Un bonnet vaut la peine d'être emporté même en juillet, et un qui ne s'envolera pas du pont. Des gants ne sont pas excessifs si vous prévoyez de tenir un appareil photo stable pendant deux heures dans un vent de face.
Les chaussures peuvent être ordinaires. Il n'y a pas de randonnée sur cet itinéraire : la seule marche est un court sentier à la cascade et un pont plat au point de vue. Des chaussures confortables avec un peu d'adhérence suffisent, et le rocher mouillé à Tvindefossen est le seul endroit où une semelle lisse est gênante.
Quoi d'autre à apporter
Un appareil photo avec la batterie chargée, et un moyen de le garder au sec. Le froid vide les batteries de téléphone plus vite que les gens ne le pensent, et une journée de douze heures est longue sur une seule charge, donc une batterie externe a toute sa place.
De quoi boire et une collation à vous. Le déjeuner et un café l'après-midi sont inclus, mais les intervalles entre les arrêts sont longs et l'opérateur accepte volontiers que les passagers apportent leur propre nourriture pour les pauses.
Des comprimés contre le mal des transports si vous y êtes sujet, pris avant Flam plutôt qu'au premier virage en épingle à cheveux de la montée vers Stegastein. La route qui monte est faite de lacets tout du long.
De la crème solaire, ce qui semble absurde pour la Norvège et ne l'est pas. La réflexion de l'eau en altitude surprend les gens les jours dégagés, et les jours dégagés sont ceux que vous espériez.
La lumière du jour et la structure de la journée
À cette latitude, l'année est déséquilibrée, et cela détermine combien d'une journée de douze heures vous pouvez réellement voir.

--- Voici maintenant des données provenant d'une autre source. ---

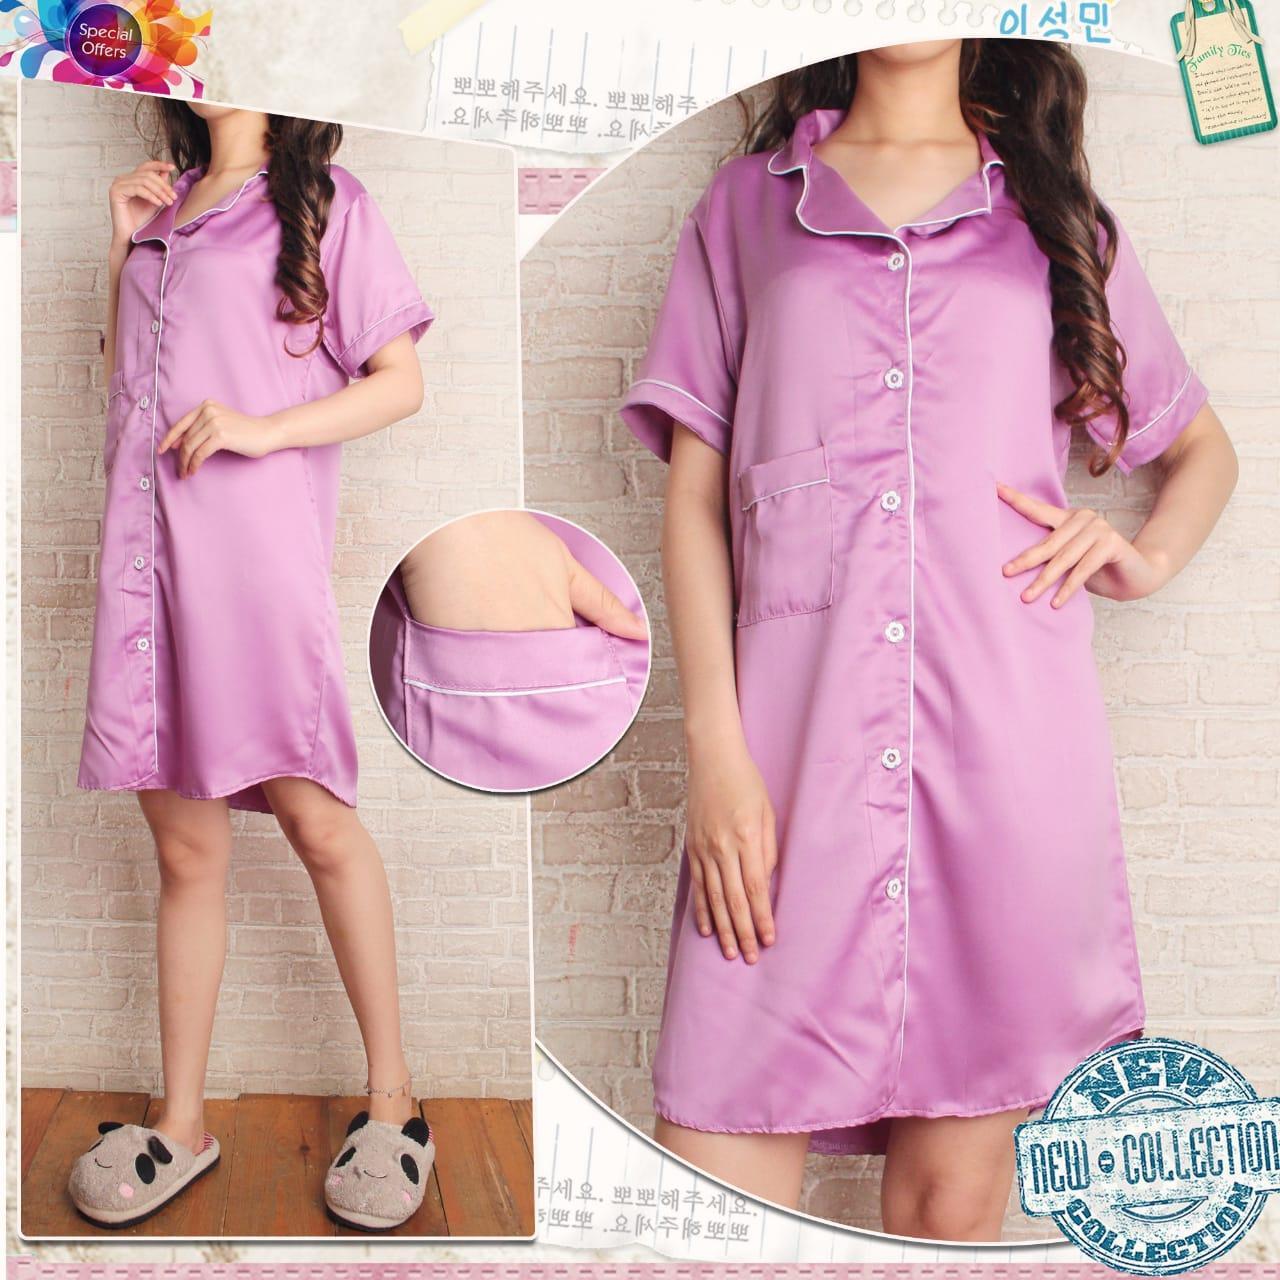 Daster Satin Velvet Silky Piyama Rok Baju Tidur SleepWear Pajamas wanita dewasa
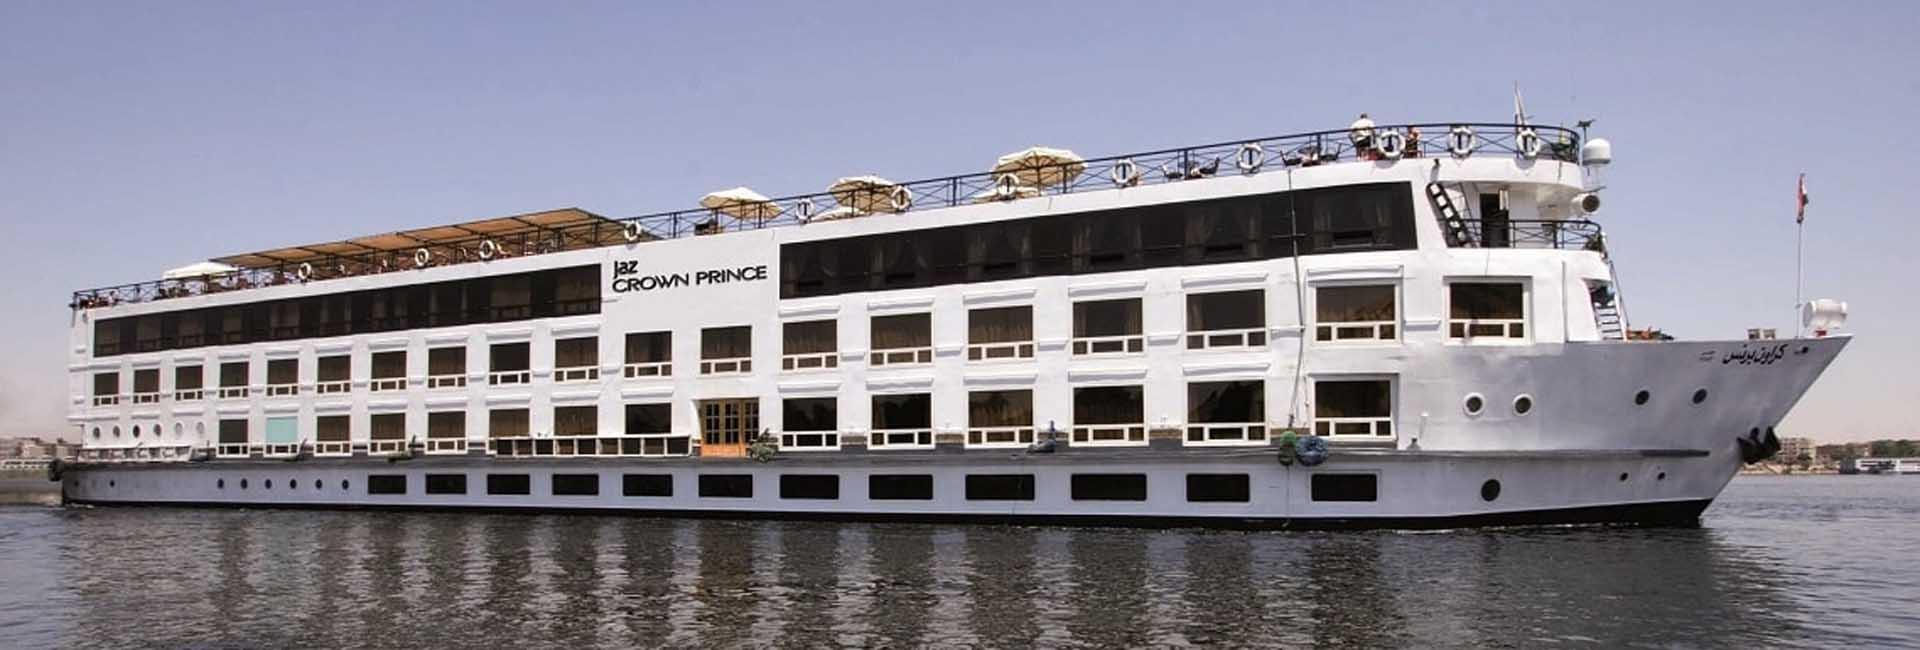 Crown Prince Nile Cruise

En plein été, il y a de la lumière aux deux extrémités et plus qu'il n'en faut pour l'itinéraire, donc un départ à 07h45 et un retour en soirée sont tous deux entièrement éclairés. Rien n'est perdu dans l'obscurité.
Aux saisons intermédiaires, les extrémités de la journée commencent à disparaître. La sortie matinale de Bergen et le dernier tronçon du retour peuvent se faire sous une lumière faible ou dans l'obscurité, ce qui enlève une partie du paysage routier mais rien du fjord, de la cascade ou du point de vue, qui se trouvent tous au milieu de la journée.
En hiver, la balance penche suffisamment pour que la journée telle que décrite cesse d'avoir un sens, c'est pourquoi la saison est ce qu'elle est.